Насчет того, с кем спать, у Манон проблем никогда не было. И разборчивости никакой не было: подумаешь – спать… не жить ведь! Ее смешило, что к «спать» у всех остальных такое серьезное отношение: можно подумать, спать – это самое ответственное в жизни и есть… хотя, если так-то разобраться, тоже мне – прыжок в бездну! Всего и дел что встать, отряхнуться, улыбнуться – и шагай себе дальше, думай о важном.

С ним хорошо было о важном говорить. О том, что – зачем… нет, о том, всё – зачем? Вот… родились, были младенцами, были детьми, были подростками, учились, стали взрослыми, работаем, ездим туда-сюда – зачем? Он тоже не знал – зачем, но было так хорошо говорить с ним о его незнании, о ее незнании, обо всех незнании – незнании ничего. И как они радовались этому незнанию ничего – там, под простыней… как хохотали, на всю жизнь достаточно!

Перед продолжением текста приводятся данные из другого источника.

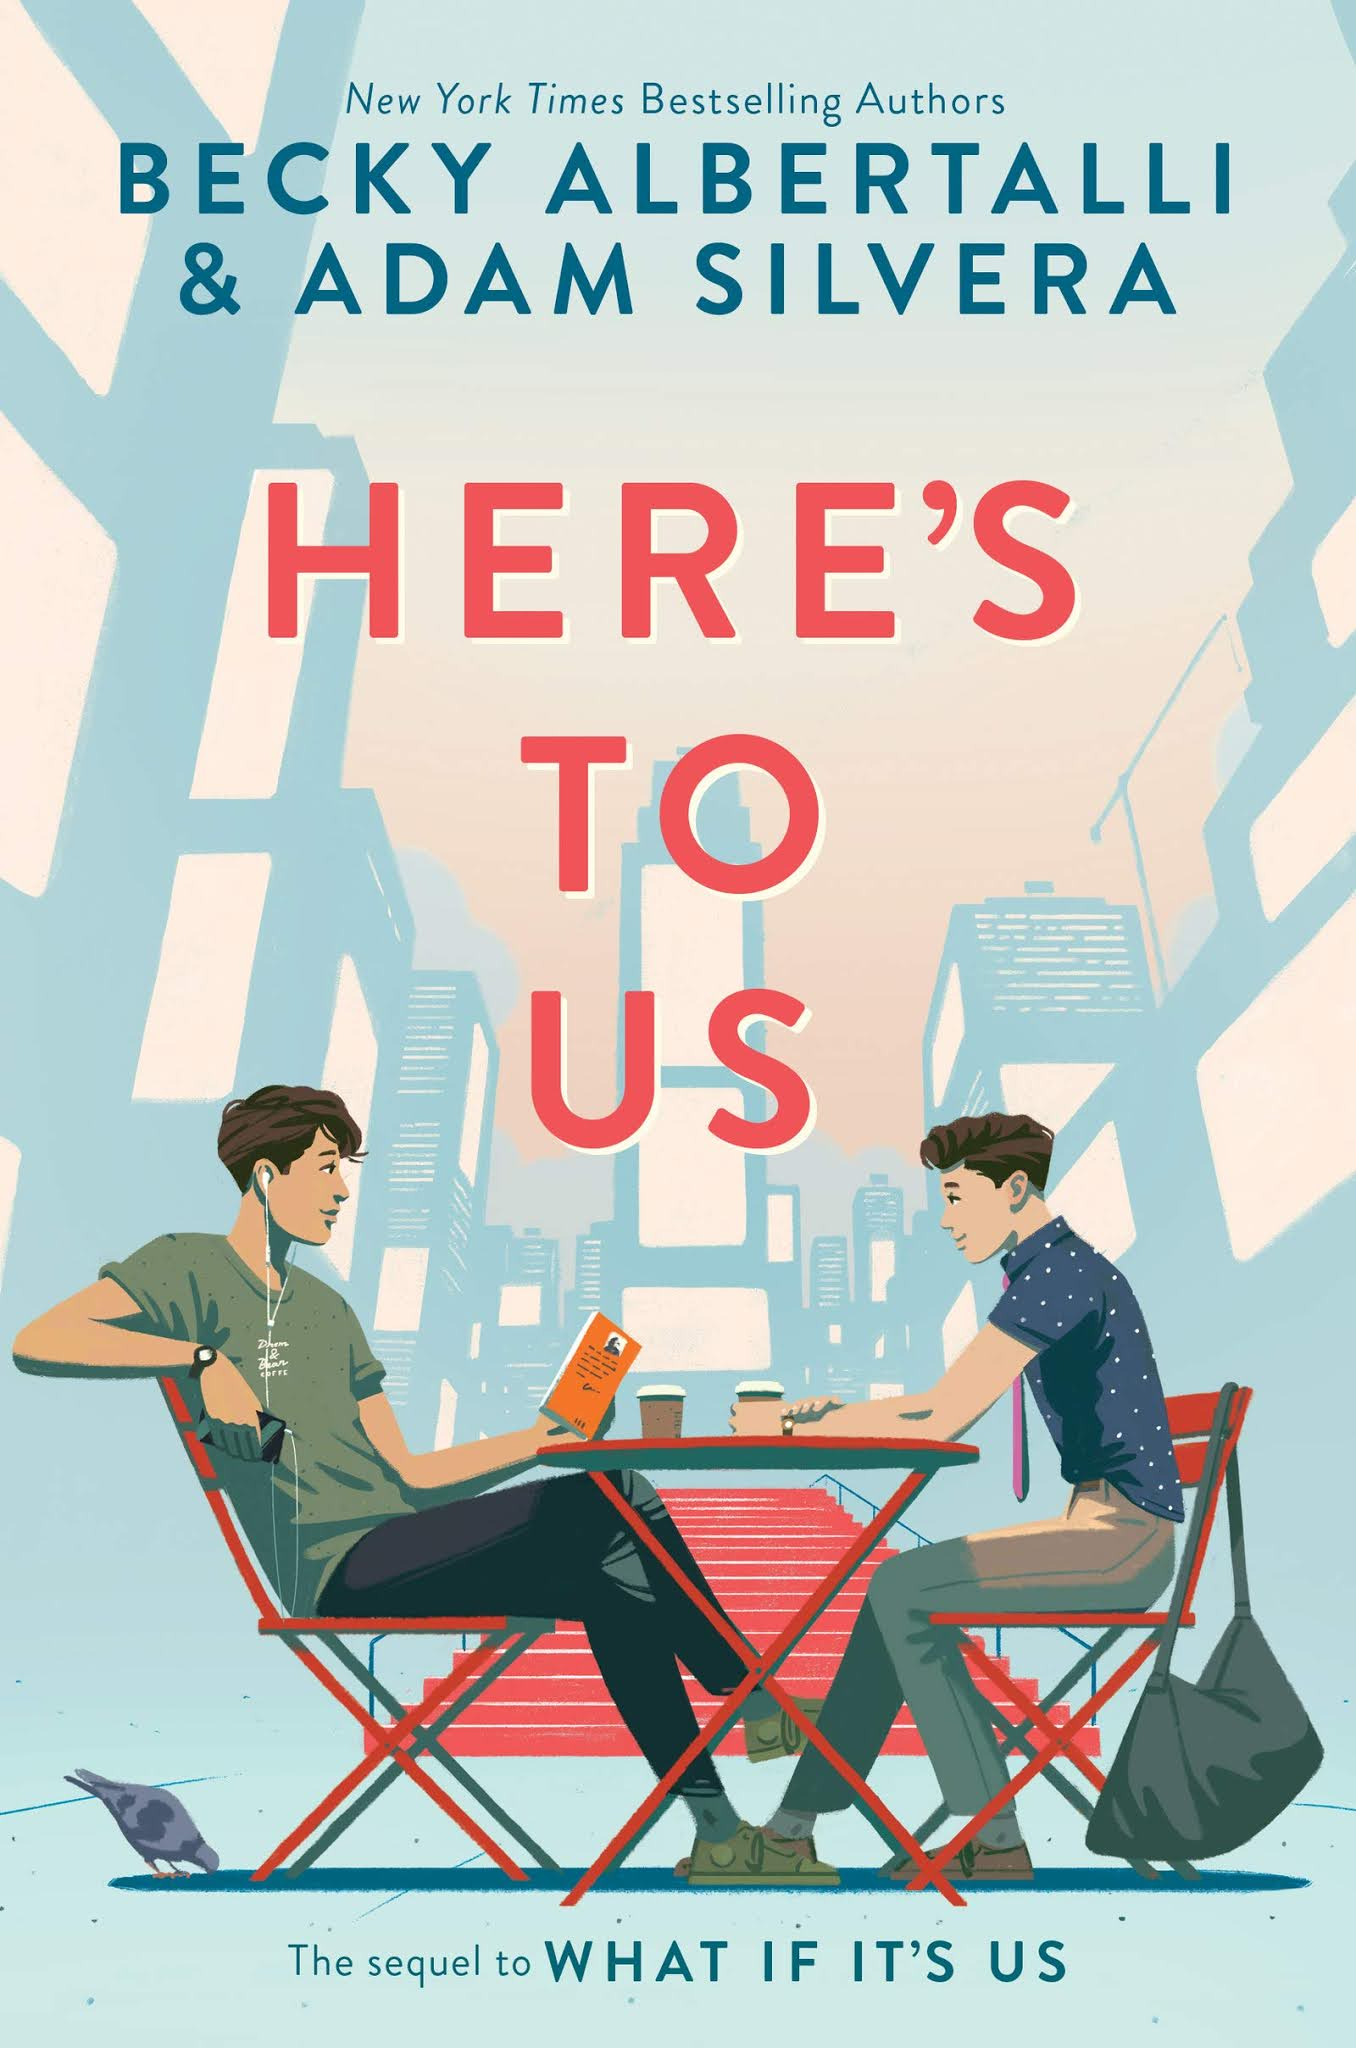 Here's to Us by Becky Albertalli & Adam Silvera

Хорошо бы только… помнить его более смутно: пусть немножко сотрутся в памяти и борода, строго трехдневно-небритая, и круглые очки, и даже шарфик с полоской. Стерлись бы чуть-чуть – и не щемило бы так… так, как щемит. Но надо ждать, ждать, ждать – и дождаться, пока перестанет щемить, а вот тогда уже можно и еще раз встретиться, дня на четыре опять. Только это когда-а-а еще… пока щемит почти так же, как в первый день после его отъезда. Значит, о новой встрече лучше и думать забыть.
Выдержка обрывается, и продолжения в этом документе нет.